However, this form of investigation, no matter how thoroughly it manages
to describe the mechanics involved, will never fully explain what it is
that the puppeteer is doing.
In contrast, those who move
toward their worldviews in the opposing direction need not even know that
rehearsed finger movements move the puppet in order to understand the
show. The danger for them is that, if they take insufficient interest
in the mechanism, they might miss significant changes in the production
that imply different meaning. Another danger is that they will extend
their credulity far beyond the limited sphere of the amusement.
These approaches to thinking
— to life — are contrary only because they head toward each
other, and it has been a major failing for those on both ends that they
dread the connection. Those who seek merely to be entertained by the puppets
fear that too much knowledge will drain the performance of its pleasant
mystery. Those who amass explanations fear that the mystery will always
exist, or else that their investigations might prove to have been but
so much inconsequential puzzle solving.
The solution is similar for
all groups: they must admit that there will always be mystery. For believers,
this admission ought to be proof against despair about progress. For unbelievers,
it ought to be taken as indication of an infinity of challenges. And those
who enjoy the questions, or are driven to ask and answer them, ought to
go forward only after acknowledging to themselves that they will never
find any knowledge that makes them better than people who are satisfied
with less specificity.
Bread and the Body
The questioners, nonetheless,
can fill a crucial role in assisting the thinking of others, and religion
suffers when it seeks to bar inquiry. There is no worse answer to doubt
than “don’t ask,” particularly when it is so obviously
true that there will always be room for God in reality for those with
real faith. Those who require codification take a different approach to
topics of interest and ought not be discouraged from applying their type
of thinking to matters of religion.
Although he had just been
emerging from his skepticism when he wrote it, even in his book, Tipler
thought it important to explore how certain miracles could be
true. A particularly meaningful example is transubstantiation of the Eucharist,
whereby a priest transforms bread and wine into the Body and Blood of
Tipler phrases this process
in the same language of computer science that he uses for his discussion
of our high-tech resurrection. As he puts it, the universal resurrection
of mankind will actually occur at a “higher” level of reality
— a “virtual” reality. The lowest level is ultimate
reality, which Tipler takes to be the one in which we currently live and
the one in which the Omega Point computer will run. In this hierarchy,
one can observe activity on all higher levels than that inhabited by one’s
self, but on no lower levels.
In summarizing the Catholic
view of transubstantiation, Tipler quotes Jacques Maritain that, “an
accident is a nature or essence whose property is to exist in
something else… substance is a thing or nature whose property is
to exist by itself (per se) not in another thing… substance
is invisible, imperceptible by the senses” (318, emphasis
in original).
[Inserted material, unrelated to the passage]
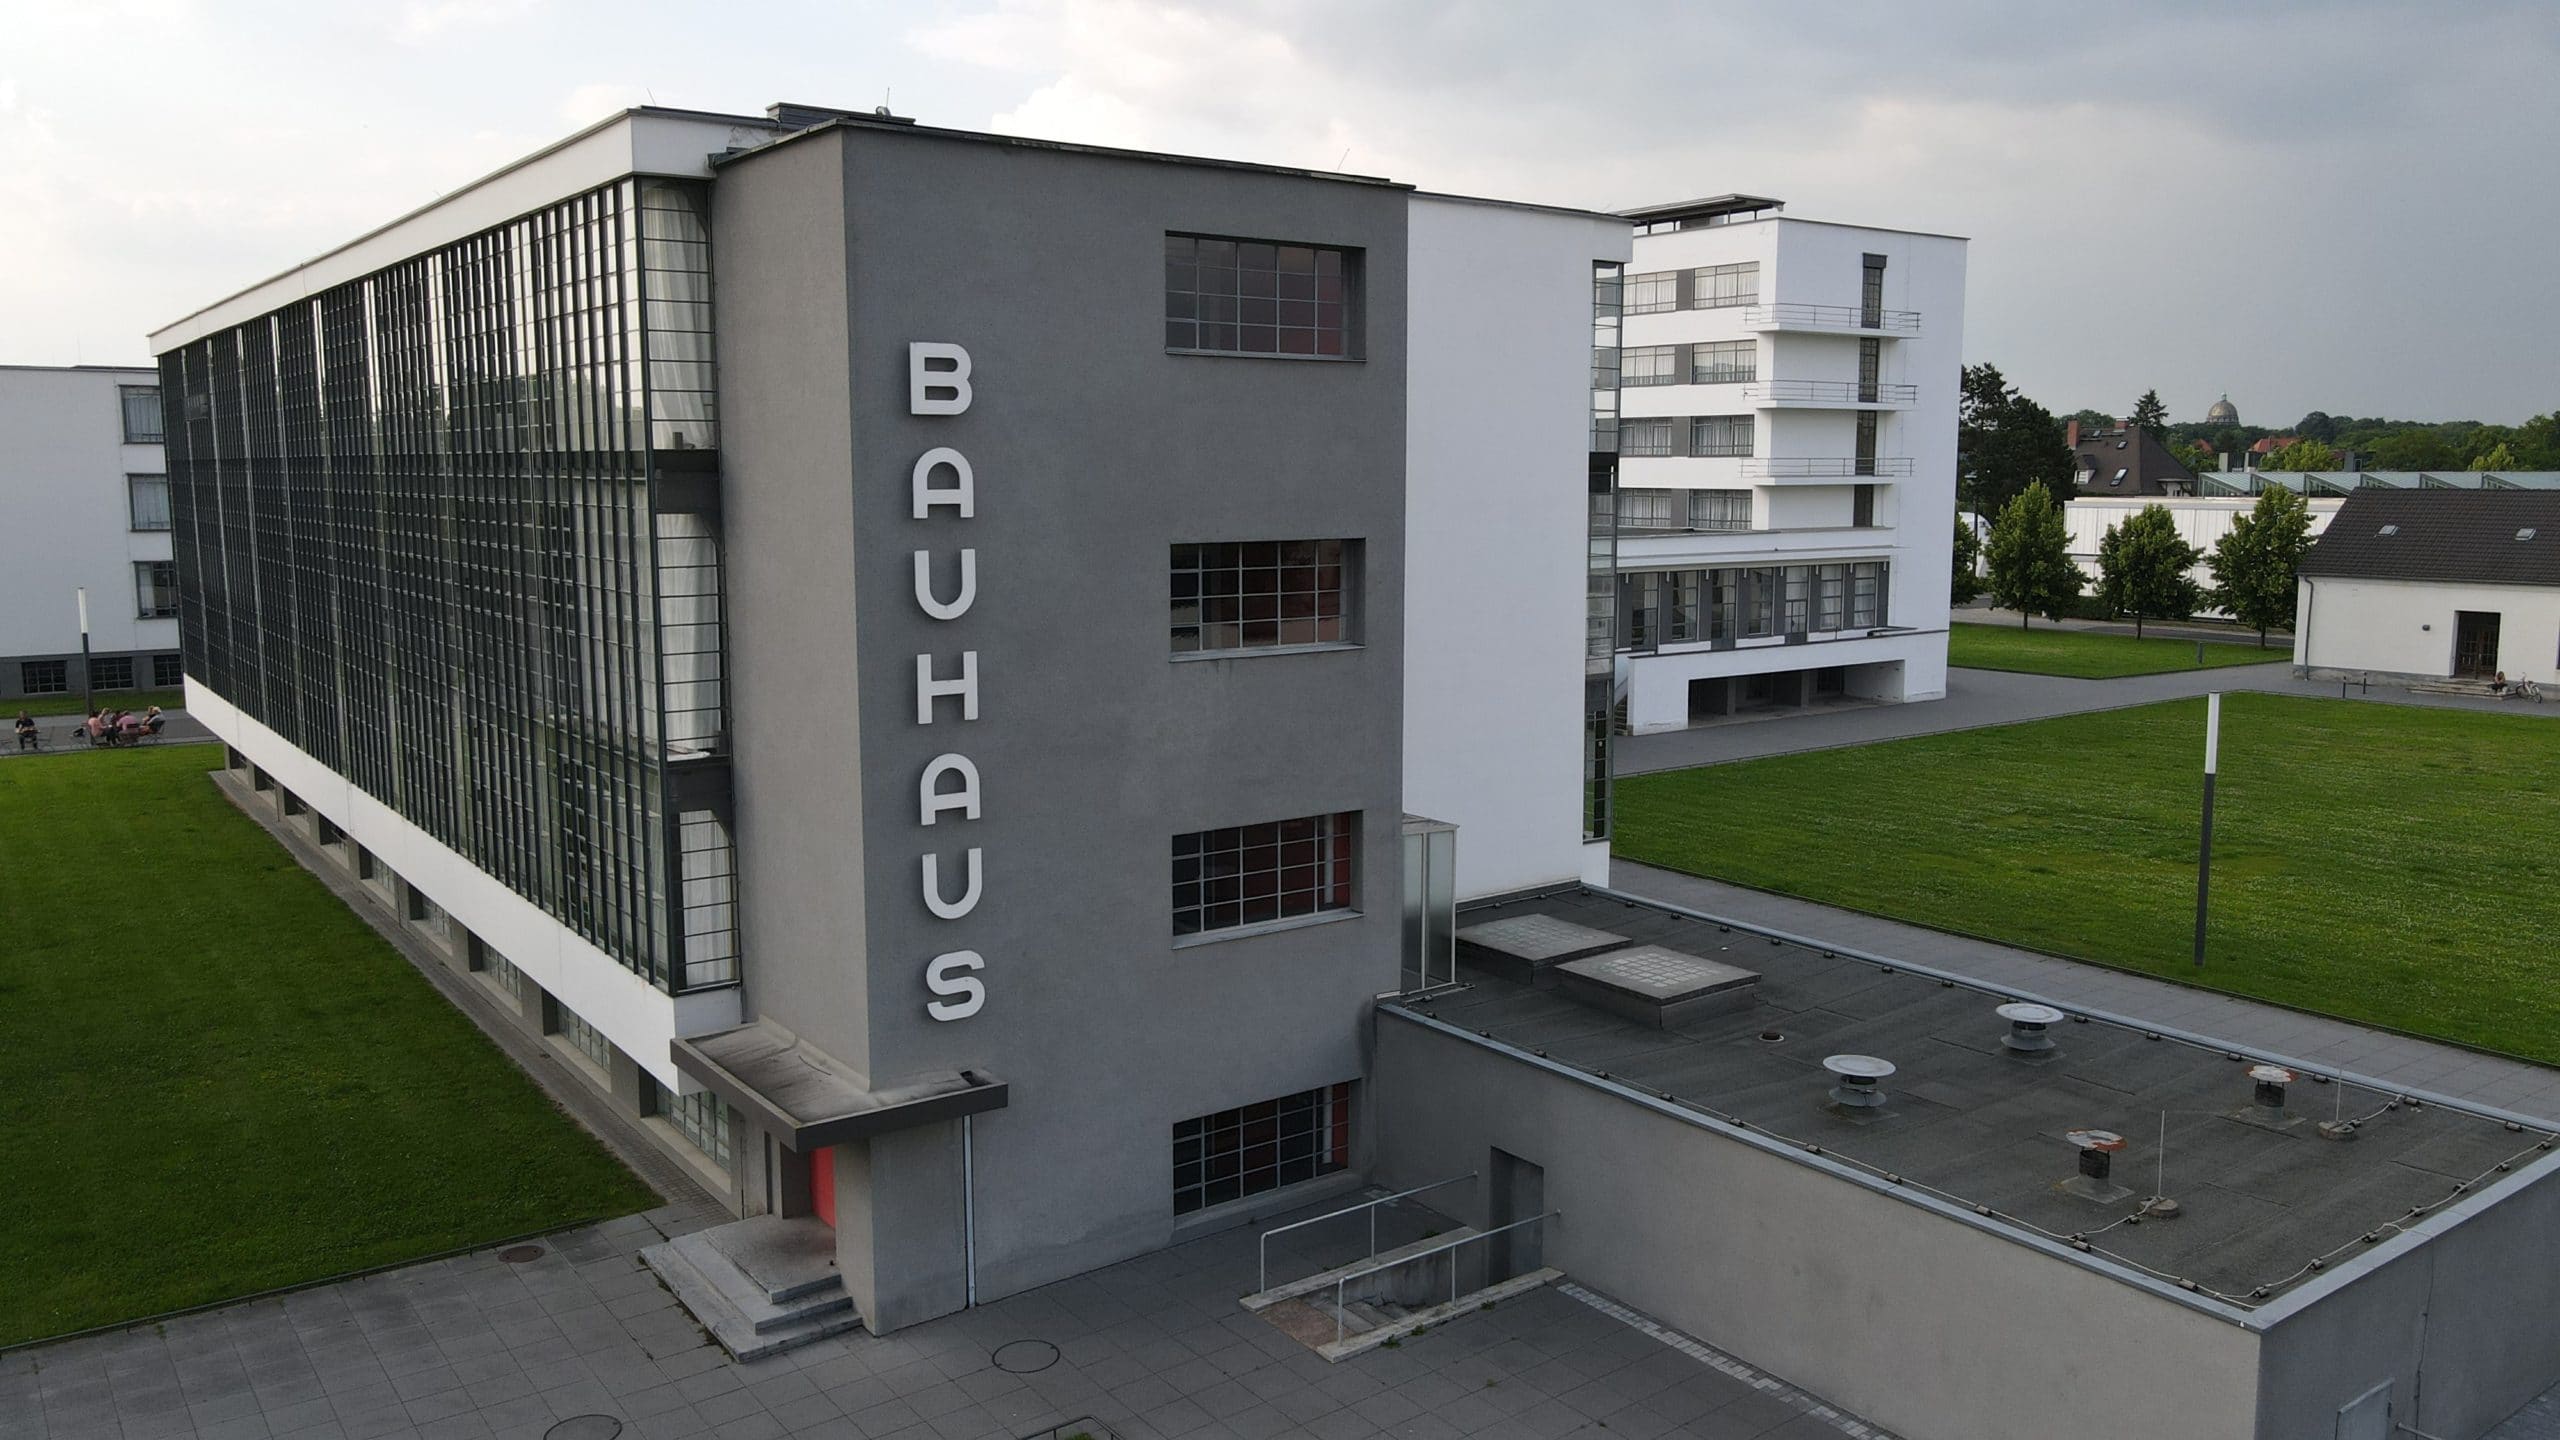 The Bauhaus - School of Design

Tipler translates this into his more scientific language
...it is possible
that the portion of our universe which corresponds to the bread and
wine of the Mass ceases to be run on the same computer as the rest of
the universe at the instant the priest says the magic words. (320, emphasis
What this description adds
is the way of envisioning the accident and the substance
as existing on two different levels of reality. Where that shift goes
too far is in presenting the two levels as significantly similar. To simplify,
a computer processes information as ones and zeros (on and off). A virtual
computer utilizes the same strategy, but as a self-contained program.
In the case of the Eucharist, the Body and Blood could be represented
by another program embedded in reality at the location of the bread and
wine. Picture a Microsoft Excel chart embedded in a Word document or a
picture embedded on a Web page that is actually stored on a separate server.
However, the computer analogy
is a model, not reality. There is no reason that the “lower level
computer” couldn’t be constitutionally different. Such a perspective
would fall between Tipler and Maritain. There are two aspects to the Eucharist
that we can tease apart in an abstract analysis, but both essentially
exist in ultimate reality. The lower level is the essence of God —
the Body and Blood of the Risen Jesus. In the computer analogy, perhaps
it could be taken as the hardware components, which don’t, of themselves,
represent the programs or the computations, but which are, in the most
tangible sense, the computer.
This quality of having two
aspects in one person is exactly parallel to our own experience of having
body and soul, while being both. Indeed, perhaps our souls are
“written” in the ultimate reality of God’s essence.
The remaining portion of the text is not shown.